Step 1: Setting up your Databricks configuration

To kick things off, we need to set up our Databricks configuration. This is an essential first step to ensure that everything runs smoothly as we integrate Mage Pro with Databricks.

Start by navigating to the left-hand menu in your Mage Pro environment. Click on the editor page. Once your files are loaded, scroll down until you find the io_config.yaml file. Open it up, and add the integration for Databricks. All the needed keys are listed below. Add your own individual Databricks values.
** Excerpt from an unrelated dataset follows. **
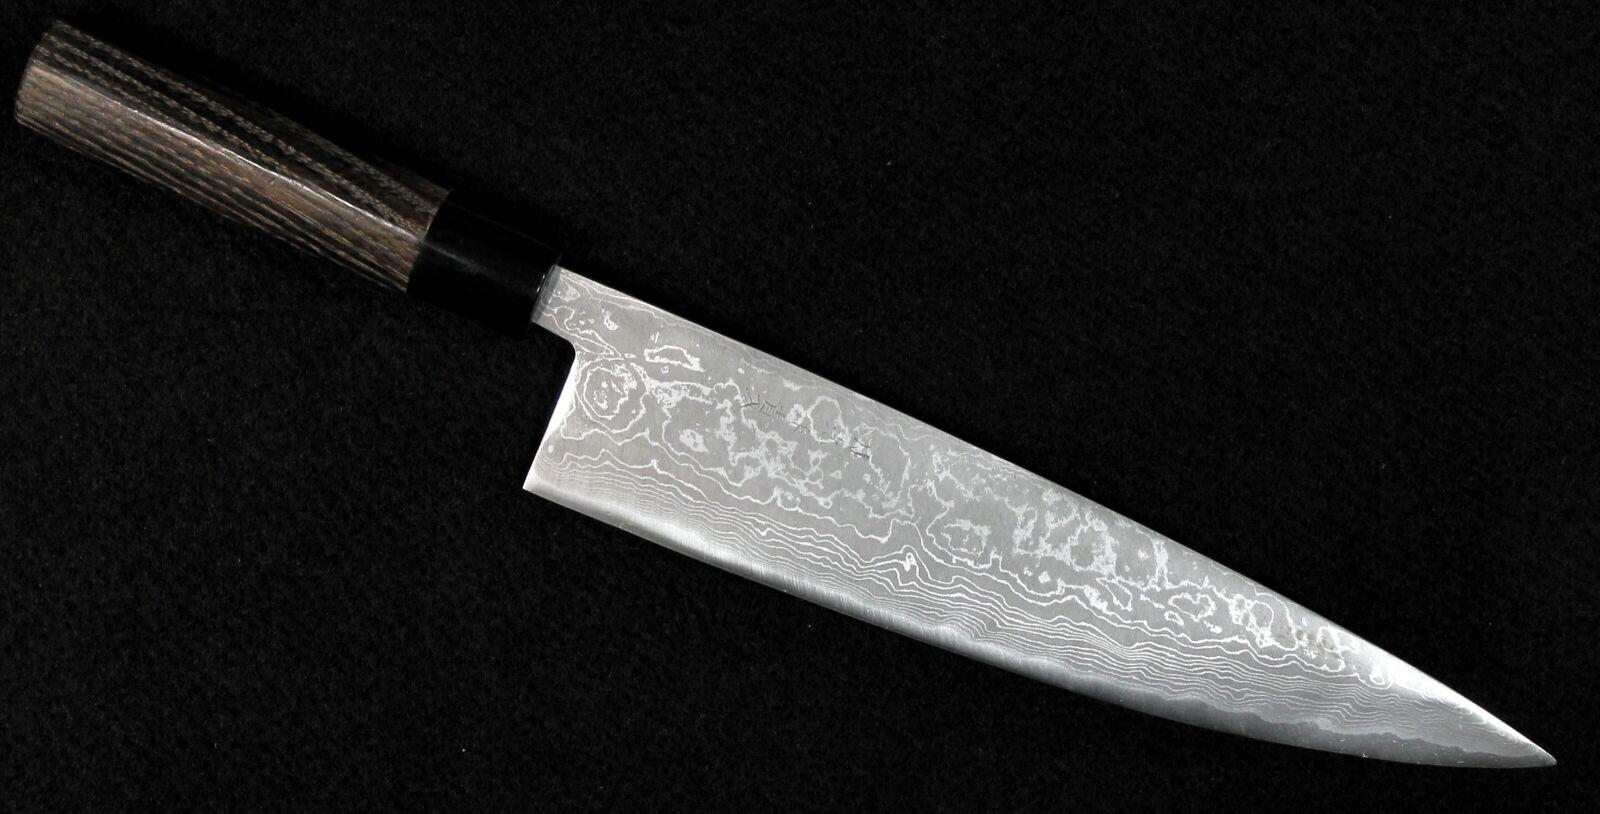 GEKKO Blau Steel Migaki Damascus Chef Knife 240mm Chestnut Handle  1426

You'll need to input the following key details:

  • Databricks access token: This is your personal access token for security.
  • Database name: Specify the database you are working in.
  • Host: Enter the host URL for your Databricks instance.
  • HTTP path: This is the path to the Databricks HTTP endpoint.
  • Schema: Define the schema you plan to use.

For security reasons, it's best practice storing sensitive information like your access token in secrets. Make sure to do this for your own setup to keep your data secure.
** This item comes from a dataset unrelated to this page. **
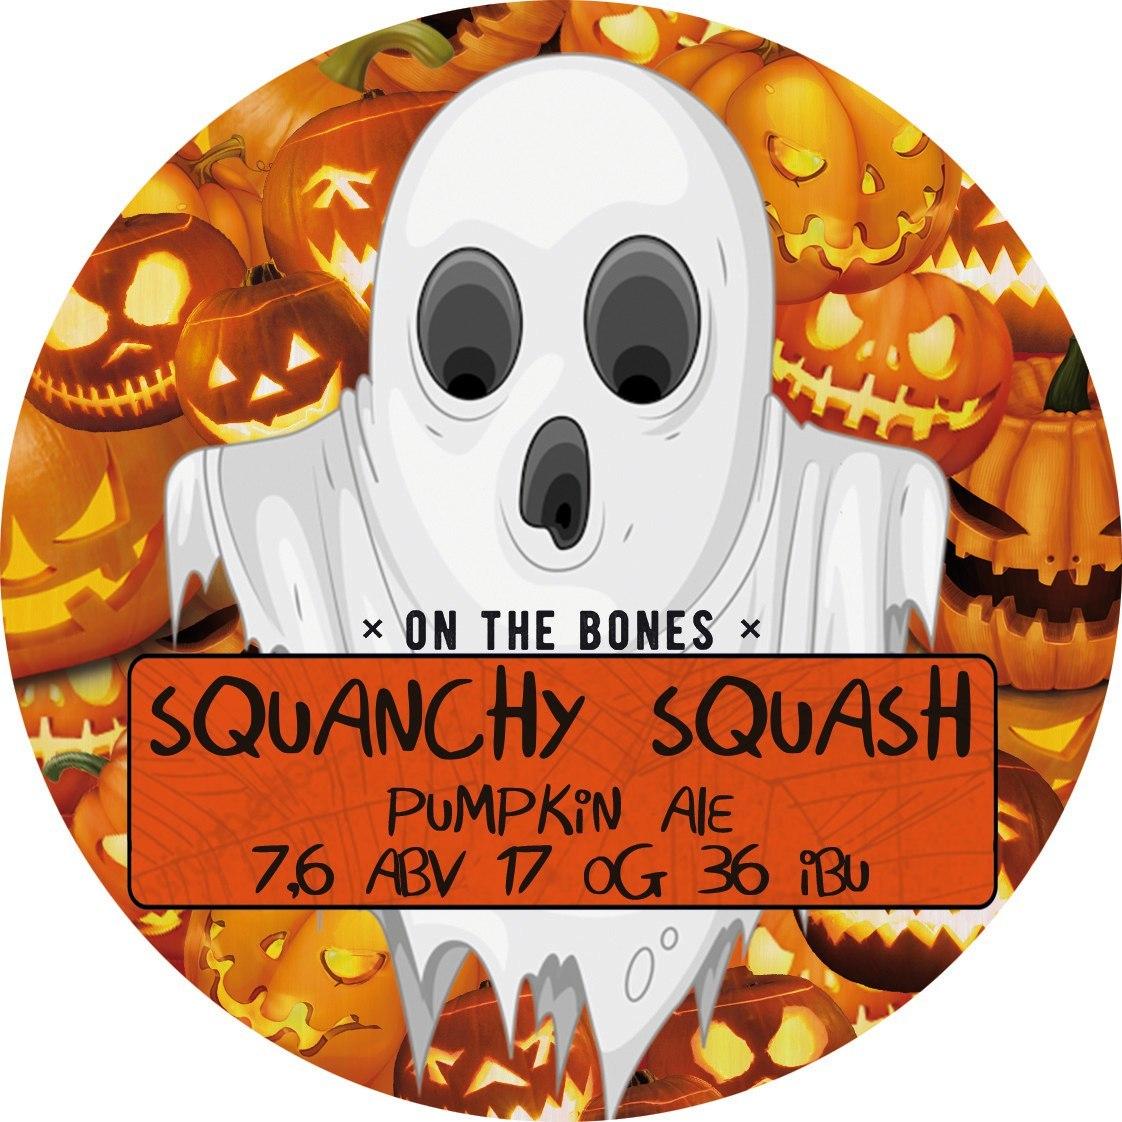 https://static-sl.insales.ru/images/products/1/792/134390552/Squanchy_Squash_пиво_On_the_bones.jpg

Step 2: Navigating to the pipelines page

Once your configuration is set up, it’s time to navigate to the pipelines page. Head back to the left-hand navigation menu and click on the “Pipelines” button. This will take you to the pipelines overview where you can create and manage your data pipelines.

Here, you’ll see any existing pipelines and have the option to create new ones. Click the green “New pipeline” button to create a new pipeline.


Step 3: Creating a new pipeline

Now, let’s create a new pipeline! You can start from scratch, and that’s what we’re going to do today. Give your pipeline a name that reflects its purpose, and then go ahead and give it a description.

Don’t forget to tag your pipeline! Tags can help you organize and find your pipelines later. You might tag it with terms like demo or data integration. Once you’ve filled in the necessary details, hit the Create New Pipeline button, and voilà! You have a fresh pipeline ready for action.


Step 4: Adding your first data loader block

With your pipeline created, it’s time to add your first block. In this case, we’re going to add a data loader block. Click on the option to create a new block and select API as the type.

Name your block something descriptive, like “Fetch World Golf Rankings API Data.” This will help you remember its purpose later on. After naming it. Then hit Save and add.

Now, it’s time to add some code to this block. You can add the code below, but remember you will need a DataGolf API key. I recommend finding a free API where you can practice fetching data from different sources. Remember, if you’re working with sensitive information like an API key, you can store it securely in the secrets manager.


Step 5: Configuring the API key and base URL

Before we run the data loader block, we need to ensure that our API key and base URL are correctly configured. Navigate to the right-hand menu and look for the option to add a new secret. Here, you can input a key-value pair for your API key.

Make sure to label it appropriately, like DATAGOLF_API_KEY. Once you hit enter, your new secret will be saved, and you can reference it in your code. This keeps your API key secure while allowing your code to access it seamlessly.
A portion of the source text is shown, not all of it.